Madame [D] [C] épouse [N] effectuait plusieurs demandes de déblocages de fonds, la dernière en date du 22 janvier 2023 pour un montant de 2 850,00 euros.
Des échéances étant demeurées impayées, la SA FRANFINANCE a fait assigner Madame [D] [C] épouse [N] devant le juge des contentieux de la protection du Tribunal judiciaire de Toulon, par acte de commissaire de justice en date du 29 janvier 2025, et forme les demandes suivantes :
Dire et juger la SA FRANFINANCE recevable et bien fondée ;Constater l’acquisition de la clause résolutoire au 19 décembre 2023 ;Condamner Madame [D] [C] épouse [N] à lui payer la somme de 445,00 euros au titre des échéances impayées et 2 801,09 euros au titre du capital restant dû, avec intérêts de retard au taux contractuel à compter de la déchéance du terme au 19 décembre 2023 ;Condamner Madame [D] [C] épouse [N] à lui payer la somme de 259,68 euros au titre de l’indemnité légale de 8% ;Condamner Madame [D] [C] épouse [N] à lui payer la somme de 800 euros sur le fondement de l’article 700 du code de procédure civile, outre les entiers dépens de l’instance.

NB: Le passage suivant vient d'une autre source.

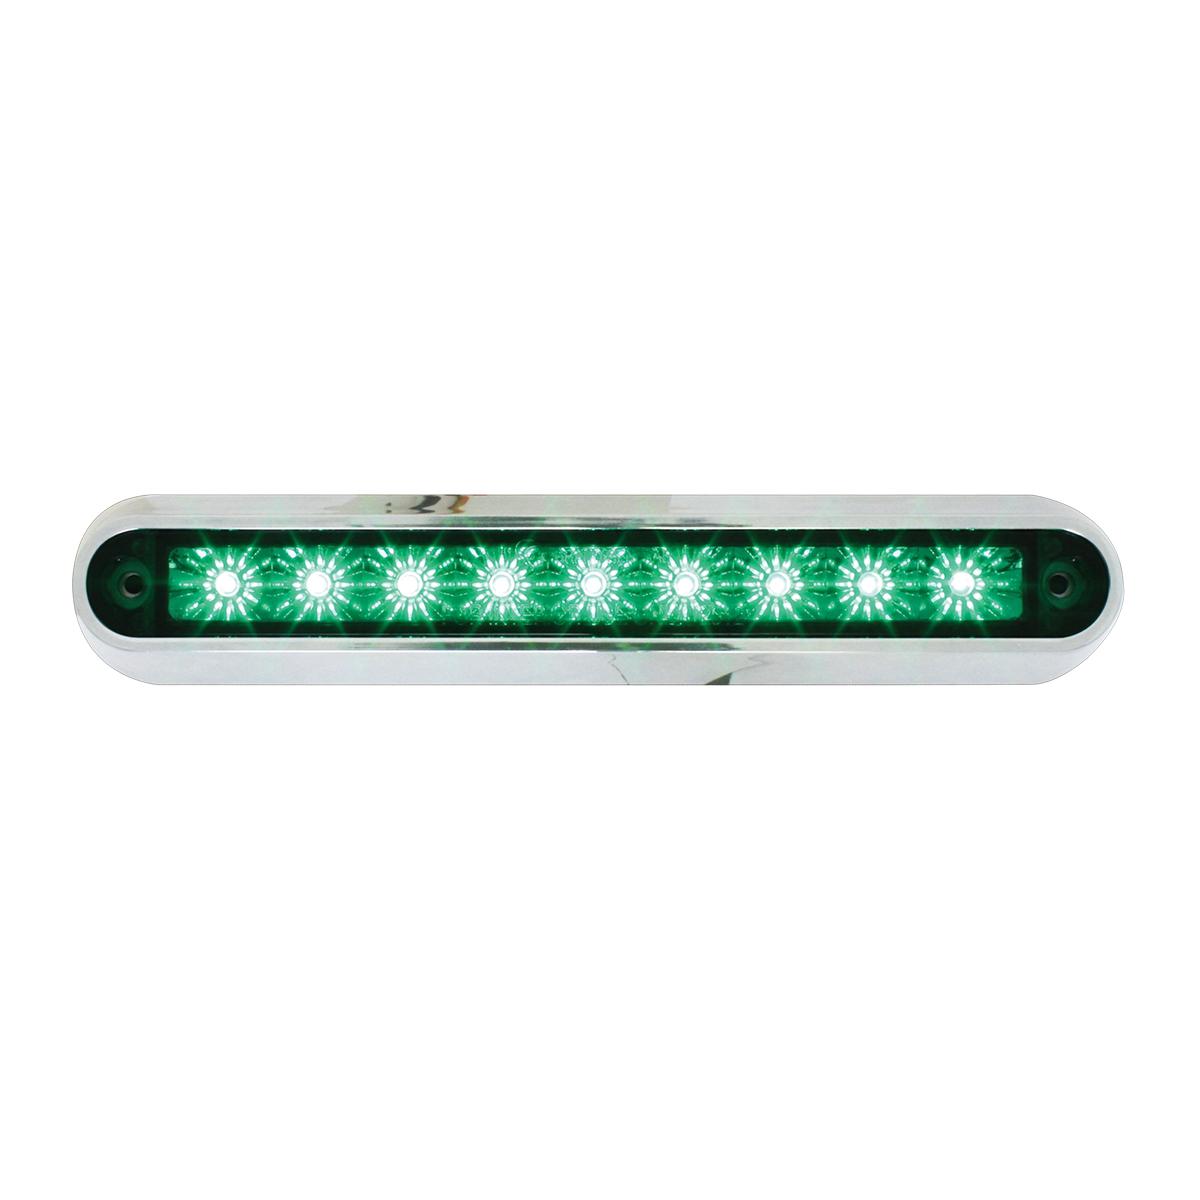 "76096 6.5"" Surface Mount LED Light Bar w/ Chrome Plastic Base"

A l’audience du 1er septembre 2025, lors de laquelle l’affaire a été appelée et retenue, la demanderesse, représentée par son Conseil, a déposé ses pièces et conclusions, auxquelles elle se réfère et vers lesquelles il est renvoyé pour un plus ample exposé, et a répondu aux questions soulevées d’office par le juge, consignées sur la note d’audience.
Elle a été autorisée à produire un décompte expurgé des intérêts dans le temps du délibéré.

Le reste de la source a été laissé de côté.